Бобби любовно положил руку на плечо брата.

– Я так думаю…

И тут мир снова без всякого предупреждения погрузился во мрак.

/Эпилог/

– Бобби. Пожалуйста, проснись. Бобби. Ты меня слышишь?

Голос доносился до него словно бы издалека. Женский голос. Бобби слышал голос, понимал слова еще до того, как его телу вернулись ощущения.

Его глаза были закрыты.

Он лежал на спине – судя по всему, на мягкой кровати. Он чувствовал свои руки и ноги, медленное биение сердца, вдохи и выдохи. Все вроде бы было нормально.

И все-таки он знал, что это не так. Что-то было неправильно – так же чуточку ненормально, как лиловое небо над Землей мелового периода.

Ему стало ужасно страшно.

Он открыл глаза.

Над ним склонилось лицо женщины: высокие скулы, карие глаза, светлые волосы, немного морщинок вокруг глаз. Лет сорок – пятьдесят. И все же он узнал ее.

– … Мэри?!

Ему ли принадлежал этот голос?

Он приподнял руку. Тонкое запястье выдвинулось из-под рукава, скроенного из какой-то серебристой ткани. Тонкие кости, длинные и узкие пальцы, как у пианиста.

Это была его рука?

Мэри – если это была Мэри – наклонилась и прикоснулась к его щекам ладонями.

– Ты очнулся. Спасибо за это Хайрему. Ты меня понимаешь?

– Да. Да, я…

– Что ты помнишь?

– Давида. «Червятник». Мы с ним…

– Странствовали. Верно. Хорошо, ты это помнишь. После воскрешения Давид рассказал нам о том, что вы повидали.

«Воскрешение, – подумал Бобби. – Оживление».

И его страх исчез.

Он попытался сесть. Она помогла ему. Он чувствовал себя слабым и легким.

Он находился в комнате с ровными пустыми стенами. Было темно. Дверь вела в коридор, наполненный светом. В комнате имелось одно маленькое круглое окошко. За ним синяя полоса над черной полосой.

Синяя Земля. Черное небо.

Воздух Земли был прозрачен, как стекло. Над синевой океана, в сотнях километров от поверхности, серебрилась какая-то конструкция. Он находился на орбите? Нет, Земля не вращалась. Значит, он находился на чем-то вроде орбитальной башни.

«Господи».

– Я мертв? Меня оживили, Мэри?

Она заворчала и провела пальцами по распущенным волосам.

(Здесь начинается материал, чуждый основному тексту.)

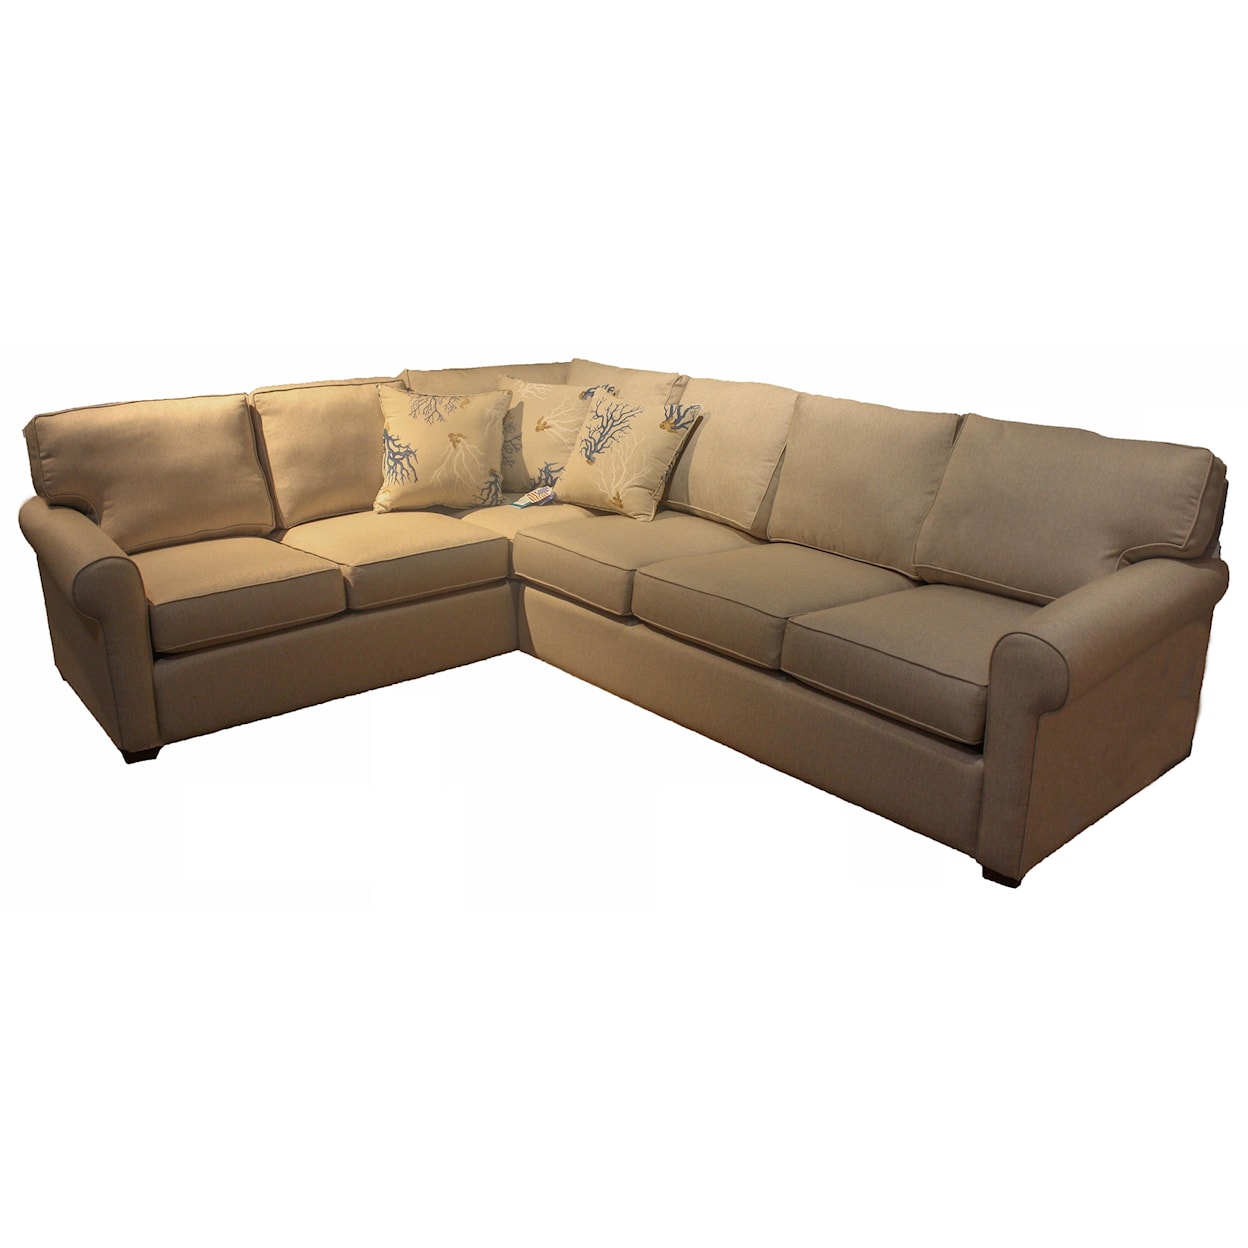 Capris Furniture 402 2 PC Sectional

– Давид предупреждал, что все так и будет. Вопросы, вопросы.

Интонация у нее была странная, голос сухой, словно она отвыкла разговаривать вслух.

– Зачем меня вернули? … О! Полынь. В этом все дело?

Мэри нахмурила брови. Она словно бы на миг прислушалась к далеким голосам.

– Полынь? А, ты про ту комету. Ее мы давным-давно оттолкнули.

Она сказала об этом небрежно, будто речь шла о мошке, которую прогнали, махнув рукой.

– Так что же тогда? – зачарованно спросил Бобби.

– Я могу сказать тебе, как ты здесь оказался, – тихо проговорила Мэри. – А вот насчет того, почему, это тебе придется выяснить самому…

Он узнал о том, что миновало шестьдесят лет.

Помогла, конечно, червокамера. Теперь появилась возможность заглянуть в прошлое и прочитать полную последовательность ДНК в любой момент жизни индивидуума. И стало возможно загрузить копию сознания этого индивидуума – и сделать его на краткое время одним из Единых; на годы, даже на десятки лет – чтобы потом, сплавив между собой ДНК и разум, получить восстановленное тело и загруженное в него сознание.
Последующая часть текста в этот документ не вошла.